The welt in my thigh grew bigger and was a lot more painful. After a while I couldn’t walk (again). The welt began ‘weeping’. Seepage from the welt was stinky and creepy. It smelled like my mouth tasted. Mom took me to the ER, where I was seen quickly and given several antibiotics. The welt was a staph infection just like the one in my mouth. The infection had burrowed into my thigh, and was starting to eat into the muscle tissue.
I was sent to a wound care specialist. At this time, no antibiotic stops the spread of these staph infections but the specialist finally decided to try the oldest and least broad-covering antibiotic that never works for anything. Except for me it worked. The infection finally stopped spreading.
In November 2011, I was finally given the green light to get more treatments. The treatments took and no more infections. By December (exactly one full year after my fall & broken shoulder) I was back to work full-time.
God bless my director, Chief of Police, Chief of Fire, and City Human Resources who felt that I was worth waiting for after a year to still be a part of their team. I went back to work. January 2012 came and I was rejoicing that the worst year of my life was done. After all the nights of lying in bed begging God to remove me from this life and even seriously thinking of making that happen on my own power, I was on my way back to restoration.

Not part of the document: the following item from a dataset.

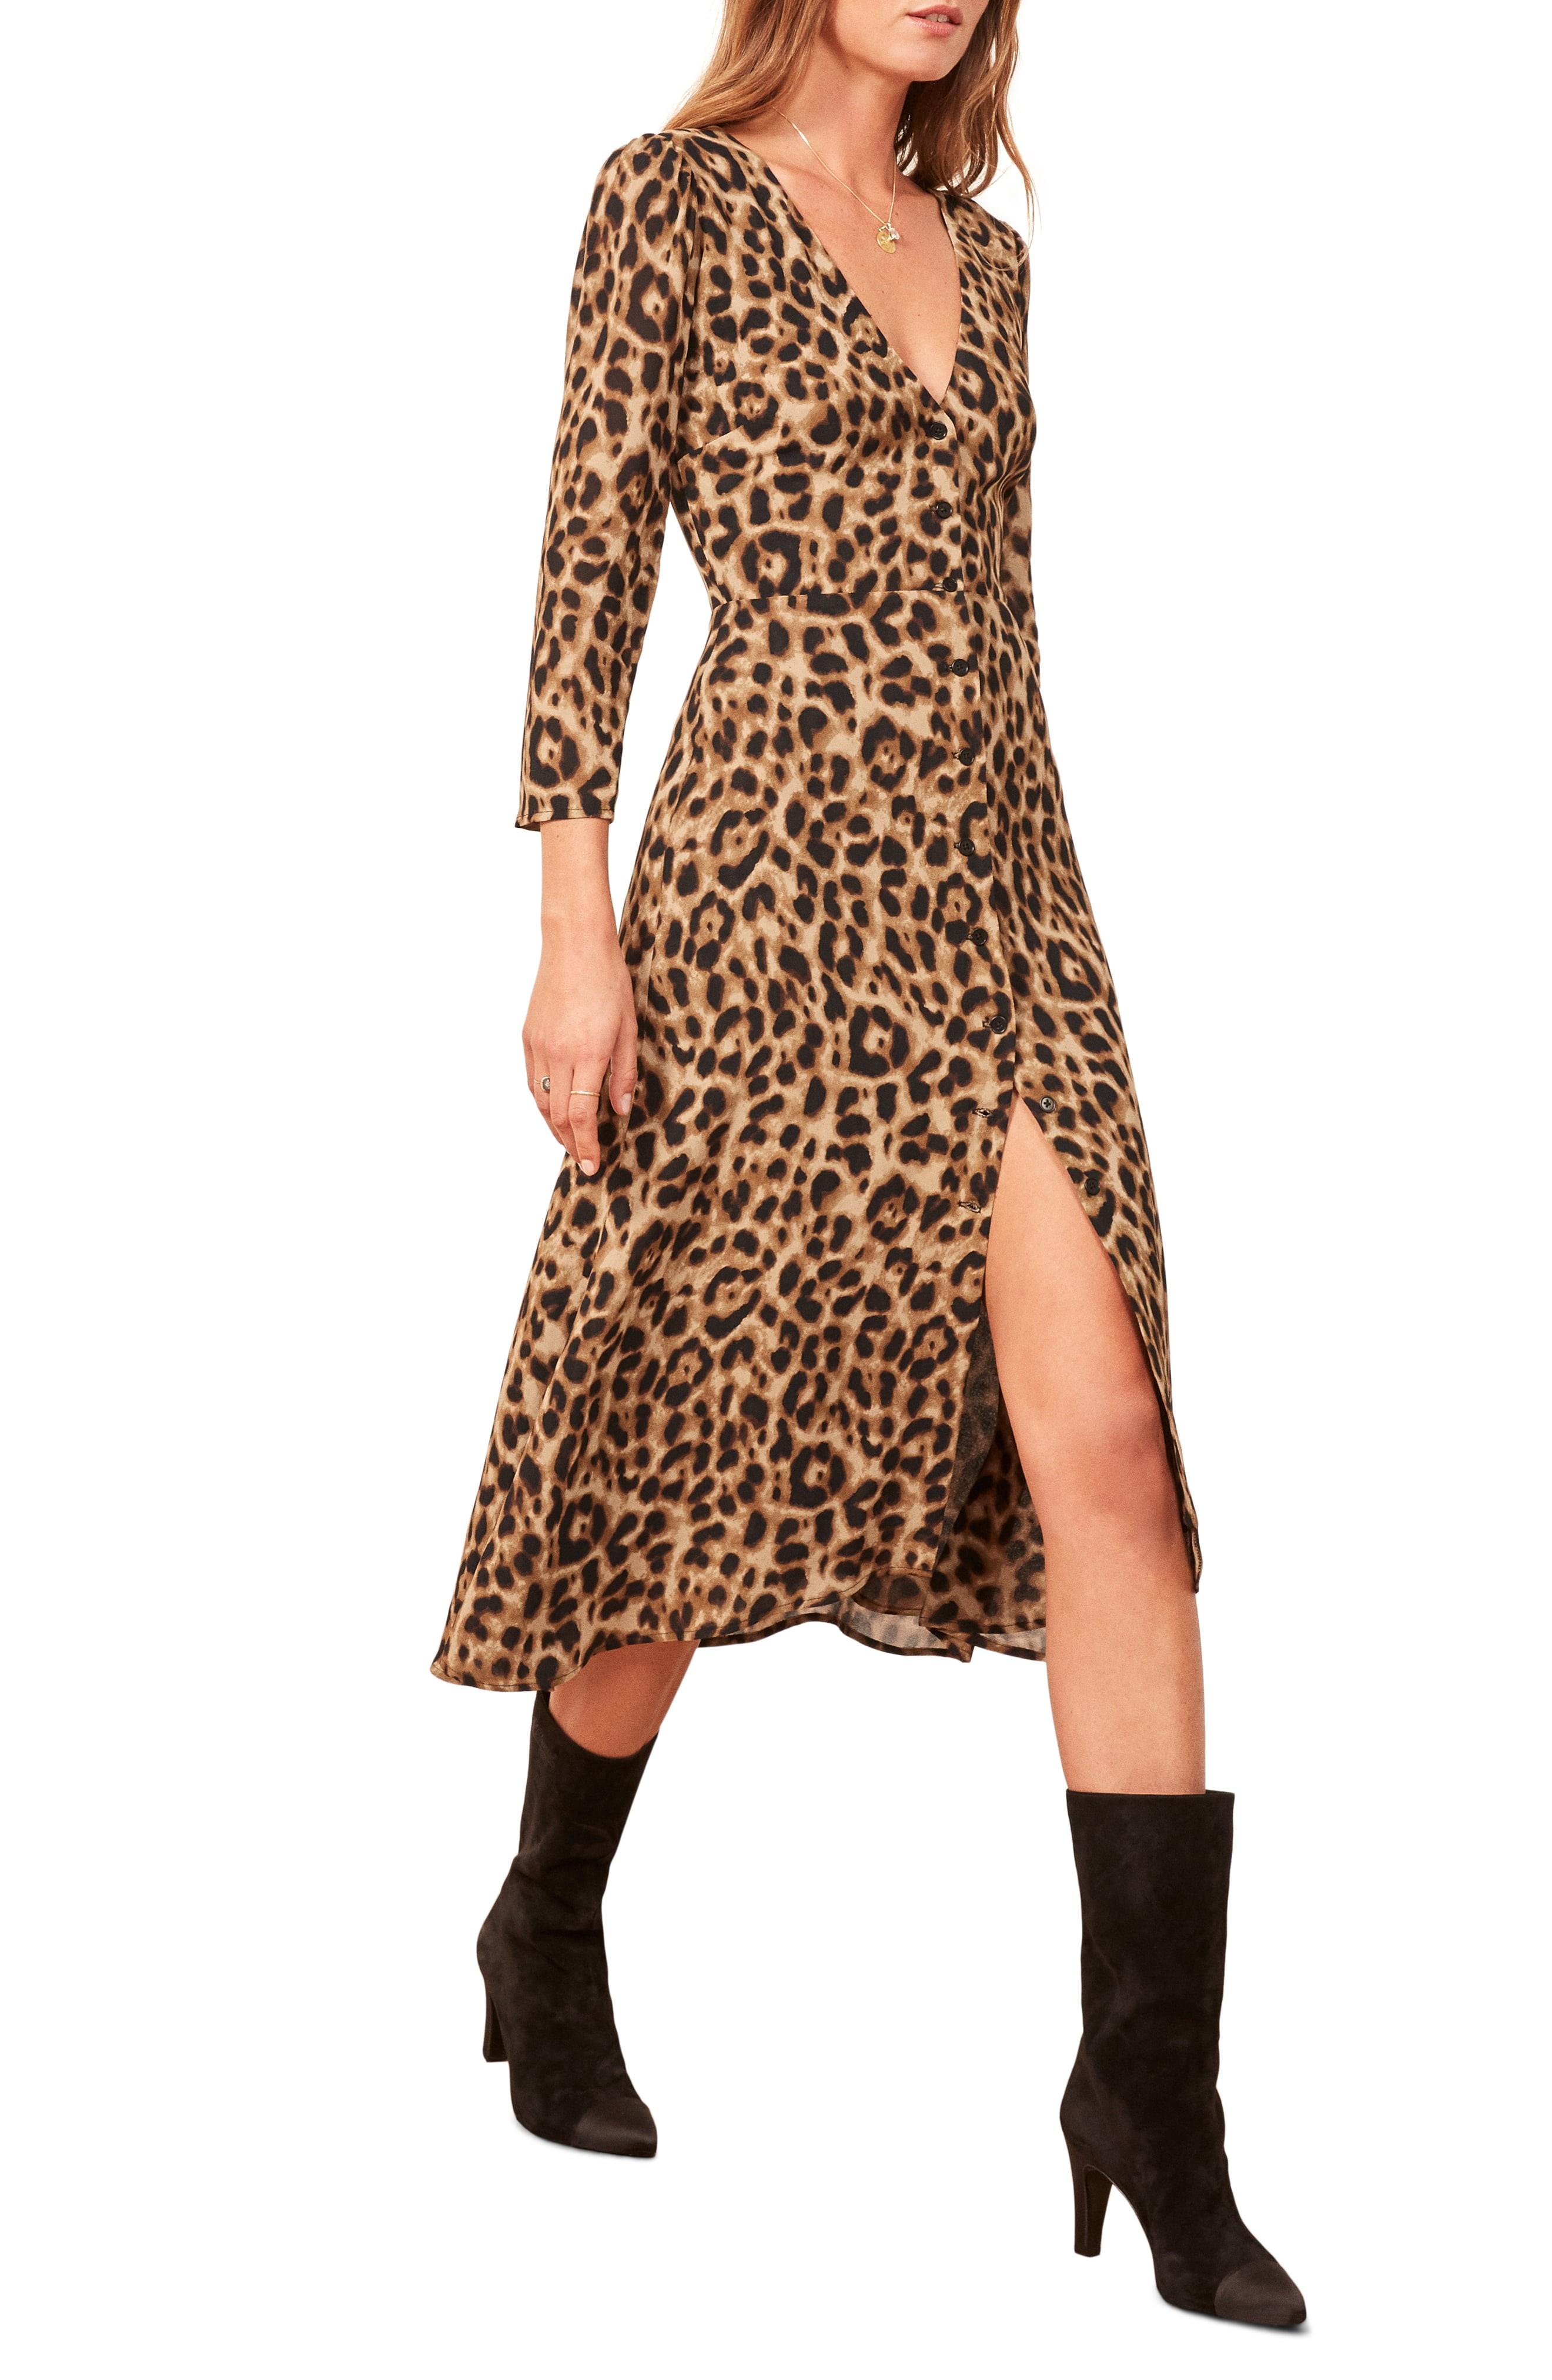 bc71e738eed3 Chase Amie - A luxury fashion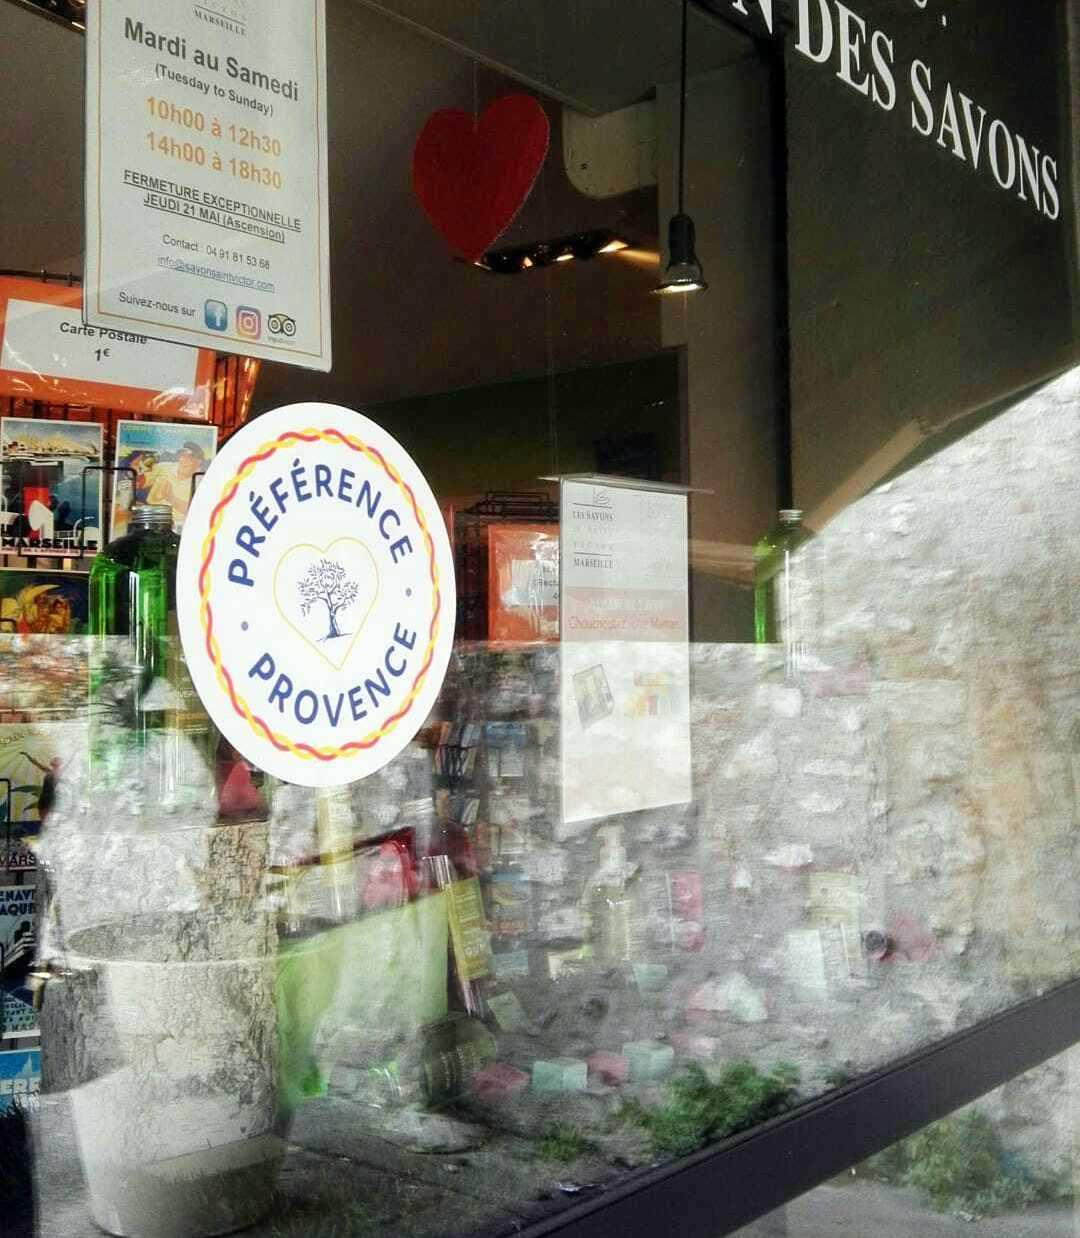 , Préférence Provence : le nouveau label pour booster tourisme et consommation locale, Made in Marseille, Made in Marseille

I had often wondered why I was being allowed to go through such an awful thing. I got an answer in the form of a 911 call last month. A man was at his wit’s end. He was a war vet and had watched all of his buddies get blown away. When he came back to the States, he was diagnosed with PTSD and later in life, with RA. He was calling me, calling the police, to come clean up what was left of him after he shot himself.
I was going through the professional motions when he started to hang up the line. “Sir, wait, can I tell you something before you go?”
“Sure why not, go ahead.”
“What if I told you I know exactly, EXACTLY, what you’re going through?”
“I’d say that’s a load of horse sh**!”
“Sir, I do, I also have RA.”
I went through my experiences with him while he was holding the receiver of a pay phone at a convenience store. The caller was intently listening to my story of absolute darkness and hopelessness. I got to the part where God allowed me to survive in spite of last year. The man began to cry.
He was telling me thank you when my officers showed up. He was transported to a local hospital and given a mental health evaluation. I was a voice of hope to this man. Since that call, I’ve been a
light of hope to other people. It took the last year for me to realize that I don’t have to be angry with this disease.
Does it suck? Yes.
Do I hurt still? Absolutely.
Is my RA in remission? No way.
Will it be? I don’t have a clue.
All I know is my dispatchers, firemen, police officers, family, friends, and even strangers look at me and they see strength.
They see weakness.
They see a fighter.
They see a crier.
But most of all, they see ME!
I am loved whether I have a disease or not. Now I know I have a support system of people who love me. I can be open with my RA. I don’t pretend that I’m healthy anymore. I am broken and it’s okay.
Even more, I am a beacon of HOPE!
I am Kelly, 26 years old, broken and loved. My story is not over yet. I have the rest of my life to make a difference and change lives.